Here's another other deep, dark secret: Election rigging. I am quite sure that the Republicans have been doing it for decades, "nudging" the results a few points in various close elections. For obvious reasons, they have used this tool subtly and only when absolutely necessary.

Stone surely knows all about it. He must know. The ultimate dirty trickster cannot be ignorant of the ultimate dirty trick. Although it is now trendy to dismiss Stone as a blowhard, I was never one for trends and I refuse to underestimate the man's expertise in scumbaggery.

If Stone goes down, Trump goes down. And if Trump goes down, that whole filthy history of election rigging will come out. If Trump goes down, he'll bring the whole damned GOP with him.

No other theory explains how Trump has gained complete control over the party. This theory explains why so many people who once hated Trump -- Ted Cruz, Lindsay Graham, Paul Ryan, Susan Collins, and even Mitch McConnell (who once returned a donation from Trump) -- have abased themselves so thoroughly.

I doubt that Stone will ever see the inside of a prison. If he does go in, his stay will be brief -- just long enough for the right-wing propagandists to concoct a "martyr" narrative. In the end, he'll be a free man with millions in the bank.

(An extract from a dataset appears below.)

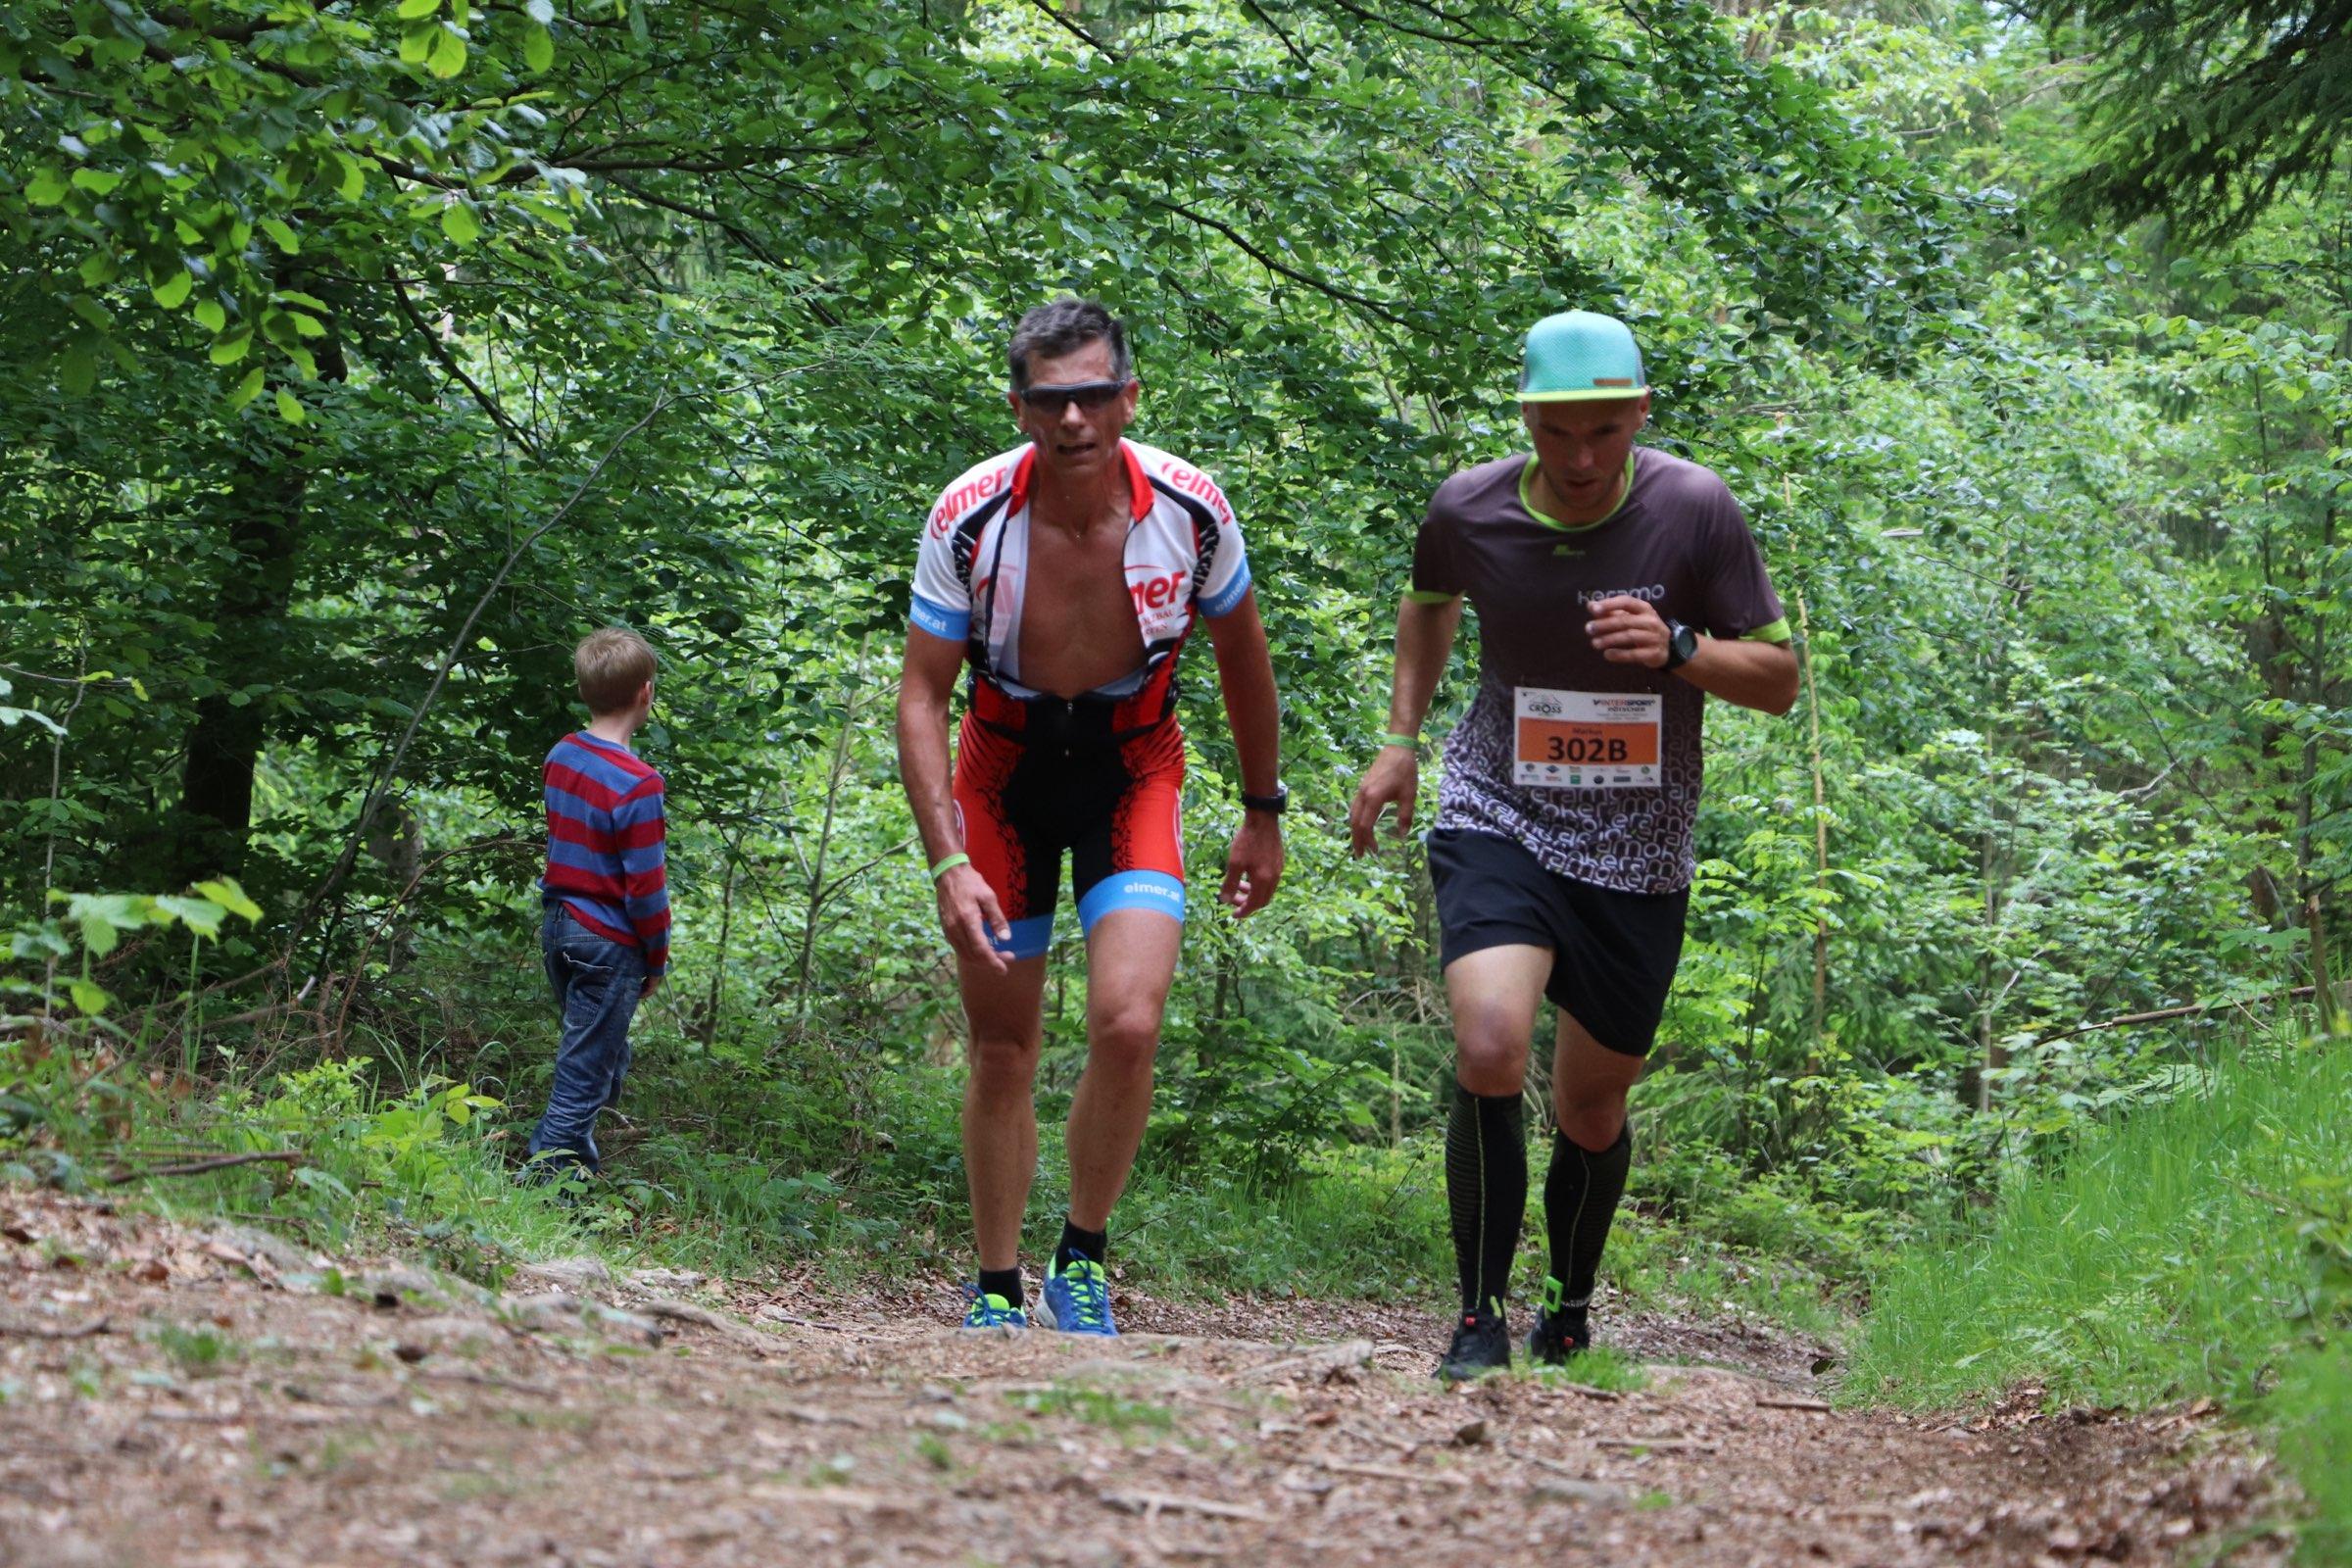 partner-Triathlon, Bike&Run, E-Bike Hansberg

The money will probably be laundered through a book deal. The usual mechanism.

Meanwhile, Reality Winner is still in prison. Her crime? Leaking the truth about Russian interference in our elections. Specifically, she leaked
...an intelligence report about Russian interference in the 2016 United States elections to the news website The Intercept. The report suggested that Russian hackers had tried to access voter registration rolls in the U.S.
Election rigging is the secret. Computerized vote fraud is the original sin that has forced so many Republicans to swear fealty to a man they detest.

3 comments:

Gus said...

I think you are correct about the big secret that the Repbulicans are so willing to bow before Trump over. I've suspected election rigging for decades, so your investigation seems to confirm something I've always suspected. I think you are spot on regarding Stone as well.

As to Bloomberg, I think he would be worse than Trump in some ways. I really don't expect he would make much different of a choice for the supreme court than the Republicans would. He's a Republican in Dem clothing after all. Still, I would vote for anyone who gets the Dem nomination at this point, even Bernie (though I understand why you wouldn't be able to do that).

margie said...

Bloomberg and baggage: after Trump baggage has lost it's effect. What matters is how shameless one is. A normal Democrat will try to apologize or worse withdraw in the face of a controversy. A Republican will dig in and defend the indefensible. Bloomberg will follow the republican play book.
The big secret: I totally agree about election rigging being the ultimate must keep secret.
BTW, I just started reading Wilson's new book.

Ivory Bill Woodpecker said...

Is Stone shrewd enough to have arranged for any damaging information which he knows to come out if he "has an accident" or "commits suicide"?

If not, then his stay in prison might be brief indeed--like Jeffrey Epstein's.